Самад послушно перечислил разрушения.

– Дело не в окнах, они что надо, сам вставлял. Это рамы. Небось на раз повылетали из этих хлипких стен.

Самад был вынужден с ним согласиться.

– Самое худшее еще впереди, помяни мое слово. Ладно, сделанного не воротишь. Клара и Айри на кухне. Мы зажгли бунзеновскую горелку, скоро жратва подоспеет. Как бушует‑то, а? Телефон не работает. Электричество тоже. Никогда такого не было.

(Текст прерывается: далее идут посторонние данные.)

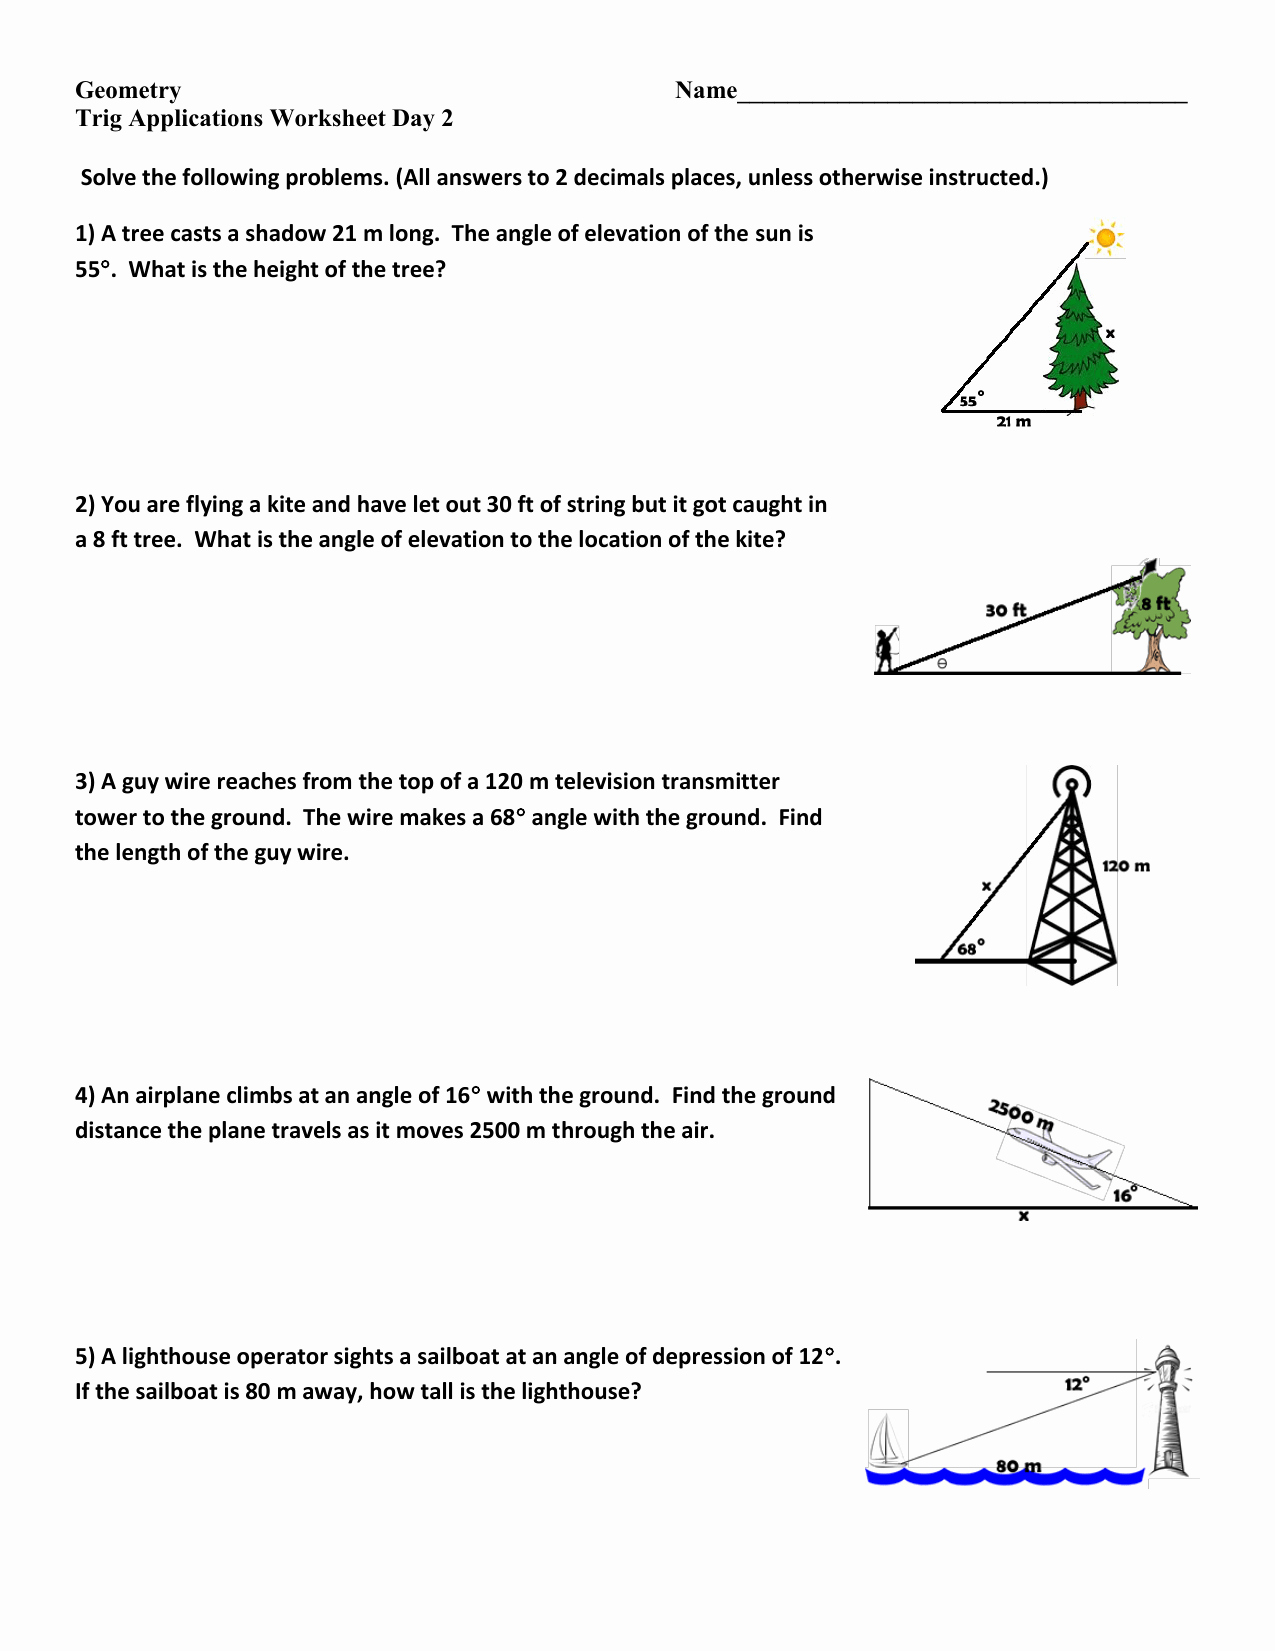 Trigonometry Word Problems Worksheet Answers Best Of Trigonometry Ratios Worksheet Answers

На кухне царило неестественное спокойствие. Клара помешивала бобы, тихонько напевая мелодию из «Солдат Буффало». Айри, склонившись над блокнотом, самозабвенно писала типичный дневник тринадцатилетнего подростка:

 

20:30. Пришел Миллат. Красавчик, конечно, но такой несносный! Джинсы, как всегда, в облипку. На меня и не смотрит (разве что КАК НА ДРУГА). Я влюблена в идиота (глупо!). Вот бы ему мозги, как у братца… мечты, мечты. Детская любовь и детская пухлость – увы и ах! Буря не утихает. Ну все, надо идти. Допишу как‑нибудь потом.

 

– Приветик, – сказал Миллат.

– Приветик, – сказала Айри.

– Кошмар, да?

– Ага, с ума сойти.

– У отца нервный приступ. Дом в клочки разнесло.

– Еще бы. Мы здесь тоже на ушах стояли.

– Хотел бы я знать, что бы вы без меня делали, молодая леди, – заметил Арчи, вгоняя очередной гвоздь в какую‑то фанеру. – Это самый защищенный дом во всем Уиллздене, так‑то. Даже не скажешь, что за окном буря.

– Да, – протянул Миллат, успевший бросить прощальный взволнованный взгляд на апоплексические деревья в раме, пока Арчи окончательно не заколотил небо деревяшками. – В том‑то и беда.

Самад схватил его за ухо.

– Не наглей, парень. Мы знаем, что делаем. Разве ты не в курсе, в каких нам с Арчибальдом довелось побывать передрягах? Для того, кто впятером теснился в танке в самой гуще сражения, каждую секунду рискуя жизнью среди пуль, едва не чиркающих о задницу, и в этих немыслимых условиях умудрялся брать в плен врага, – ураган, доложу я тебе, просто тьфу, мелочь. Он может пережить… да, да, безумно смешно, – промямлил Самад, заметив, что дети и жены как один симулировали нарколепсию. – Кто будет бобы? Подставляйте тарелки.

– Опять за свое, – сказала Алсана. – Веселенький у нас будет вечер, если старая боевая кляча примется за свои россказни.

– Давай‑давай, Сэм, – подмигнул ему Арчи. – Расскажи нам историйку о Мангале Панде. Вот смеху будет!

– О не‑е‑ет, – взмолилась вся честная компания, тыкая ребром ладони в горло и хрипя.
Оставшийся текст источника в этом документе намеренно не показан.